According to Burke, religion and capitalism butt heads due to their core goal; "religion is based upon the 'prosperity of poverty' while 'capitalism is based upon the prosperity of acquisitions'. Religion builds meaning and use from suffering and poverty while capitalism is concerned with only gaining the most "gadgets". With religion, the "high standard of living" is based on how one puts their sufferings to good use, finds the meaning within a negative. Capitalism is in stark contrast in that the "high standard of living" can only be achieved through "vast private accumulation". So as capitalism strengthens through the centuries, the values and ubiquity of religion decrease.

But what really interested me was when I applied this concept of opposing forces in a character diagram of Jesus. Jesus Christ, as described in the Bible, was one of the least capitalistic dudes ever. He was constantly giving (bread and fish and things) and, more importantly, never accumulating, never preaching the benefit of accumulating goods, truly living the exemplary religious lifestyle. How would Jesus, the chosen one to whom Christians should model their lives, have felt about America's raging capitalist-founded society and those who so adamantly support capitalism?

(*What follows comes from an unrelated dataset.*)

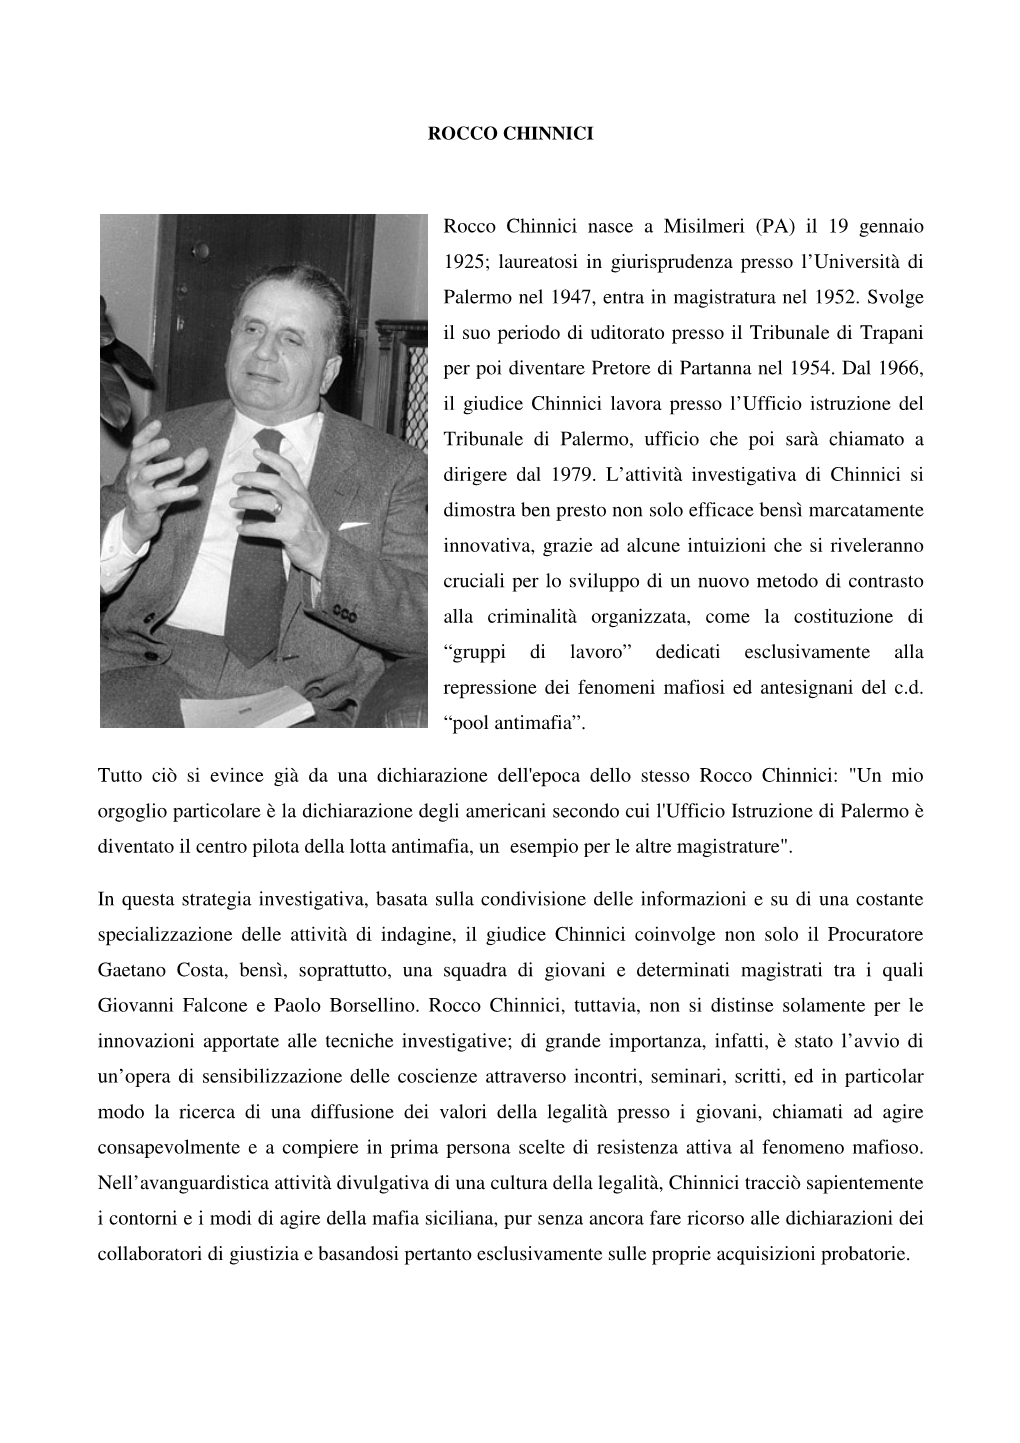 Rocco Chinnici Nasce a Misilmeri (PA) Il 19 Gennaio 1925; Laureatosi in Giurisprudenza Presso L’Università Di Palermo Nel 1947, Entra in Magistratura Nel 1952

Today's America is ridden with religious perversion (especially as it coats everything within politics, the one place where it shouldn't come to play), and one of the biggest perversions seems to involve capitalism in our society. How can one who claims to be a Christian, or any religion for that matter, support today's extreme capitalism? How can one worship Jesus as the son of their God while at the same time immorally hoarding and accumulating, doing the exact opposite of Jesus's actions? Jesus wasn't a capitalist; he was the anti-capitalist. Burke was right about the fight between religion and capitalism, yet today we somehow convince ourselves that they can be mixed, soluble even. But how can an American "Christian" support our political process (the way our politics thrive on perverted capitalism and greed as a means) in the face of their own religion? It's up, that's for sure.